Dans cet intervalle me revinrent à l’esprit les bons avis de mon père, et sa prédiction, dont j’ai parlé au commencement de cette histoire, que si je faisais ce coup de tête Dieu ne me bénirait point, et que j’aurais dans la suite tout le loisir de réfléchir sur le mépris que j’aurais fait de ses conseils lorsqu’il n’y aurait personne qui pût me prêter assistance. — « Maintenant, dis-je à haute voix, les paroles de mon cher père sont accomplies, la justice de Dieu m’a atteint, et je n’ai personne pour me secourir ou m’entendre.
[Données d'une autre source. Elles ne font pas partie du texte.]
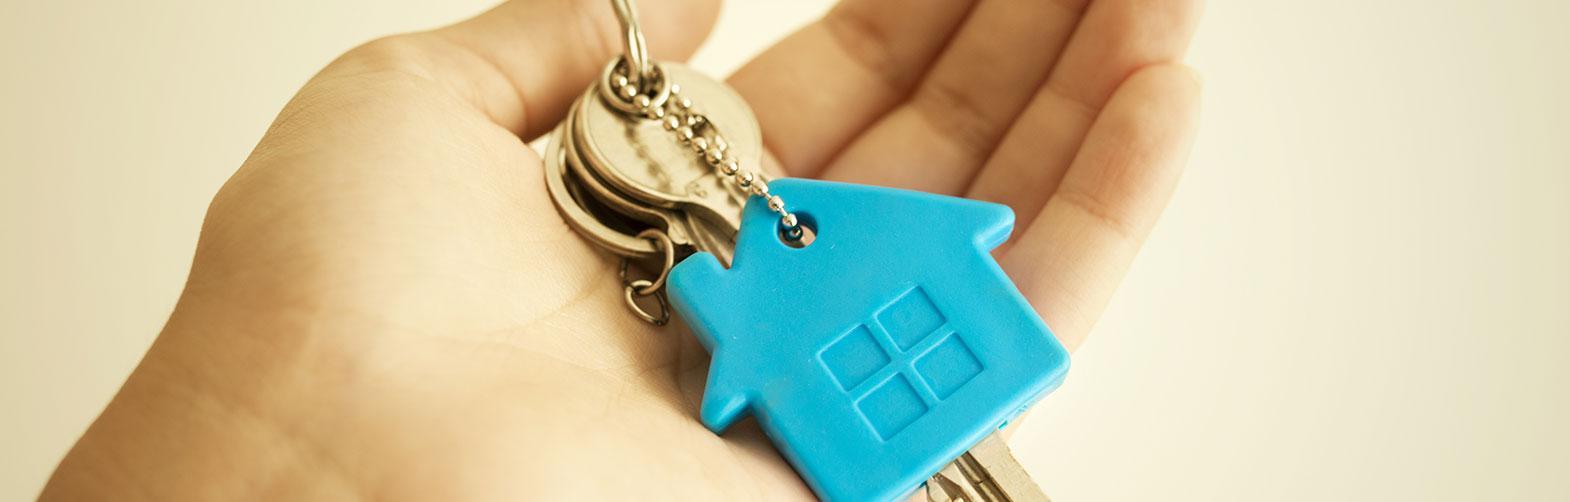 huisvesting_0.jpg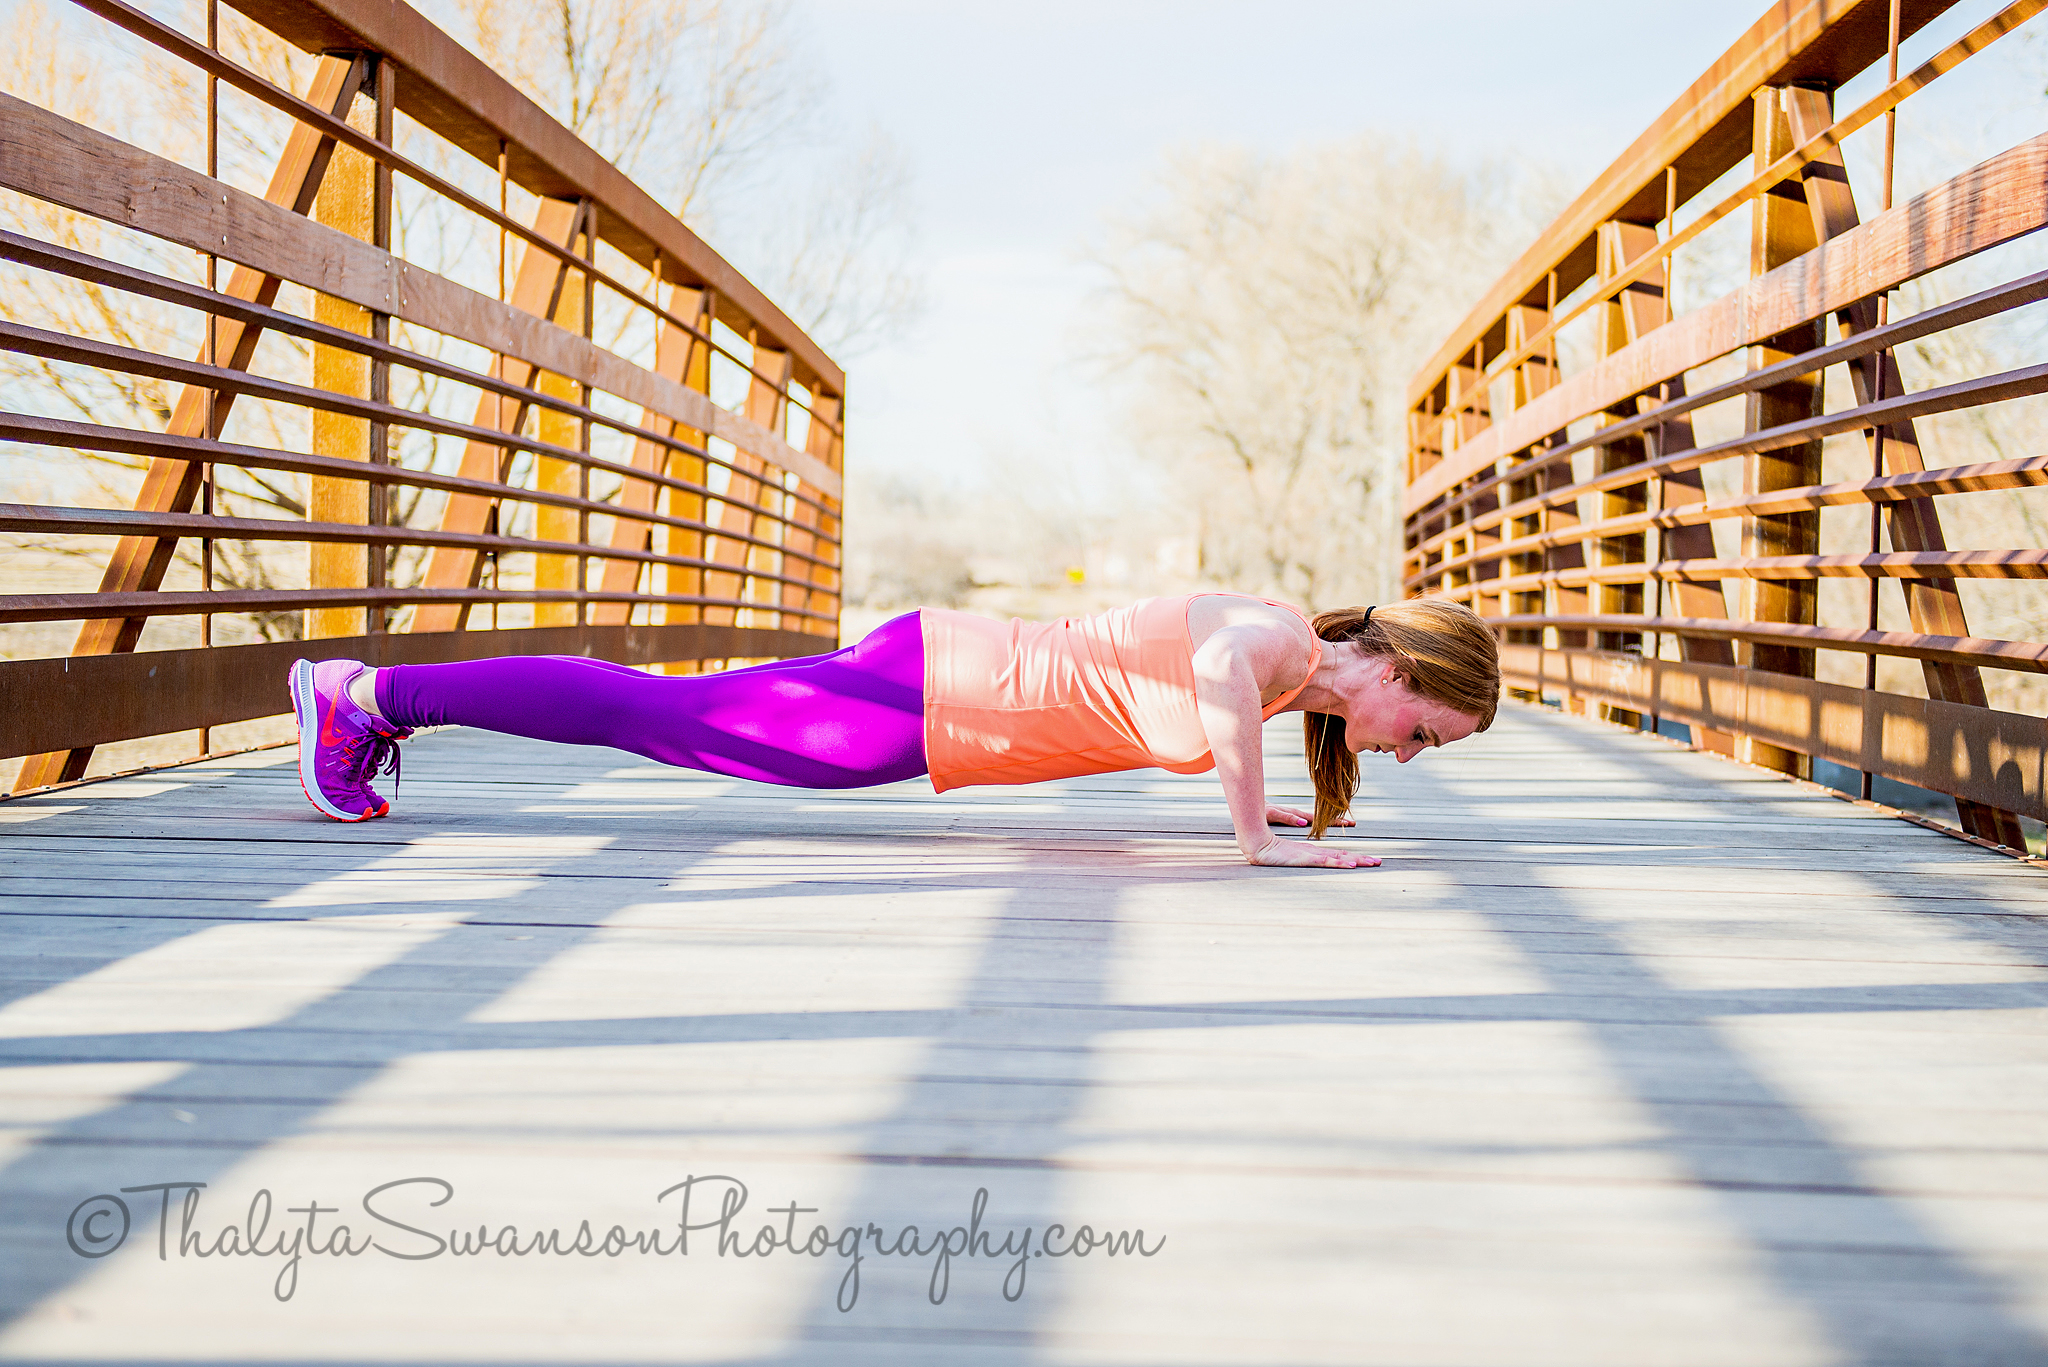 Thalyta Swanson Photography - Fitness Photos (9)

J’ai méconnu la voix de la Providence, qui m’avait généreusement placé dans un état et dans un rang où j’aurais pu vivre dans l’aisance et dans le bonheur ; mais je n’ai point voulu concevoir cela, ni apprendre de mes parents à connaître les biens attachés à cette condition. Je les ai délaissés pleurant sur ma folie ; et maintenant, abandonné, je pleure sur les conséquences de cette folie. J’ai refusé leur aide et leur appui, qui auraient pu me produire dans le monde et m’y rendre toute chose facile ; maintenant j’ai des difficultés à combattre contre lesquelles la nature même ne prévaudrait pas, et je n’ai ni assistance, ni aide, ni conseil, ni réconfort. » — Et je m’écriai alors : — « Seigneur, viens à mon aide, car je suis dans une grande détresse ! »

Ce fut la première prière, si je puis l’appeler ainsi, que j’eusse faite depuis plusieurs années. Mais je retourne à mon journal.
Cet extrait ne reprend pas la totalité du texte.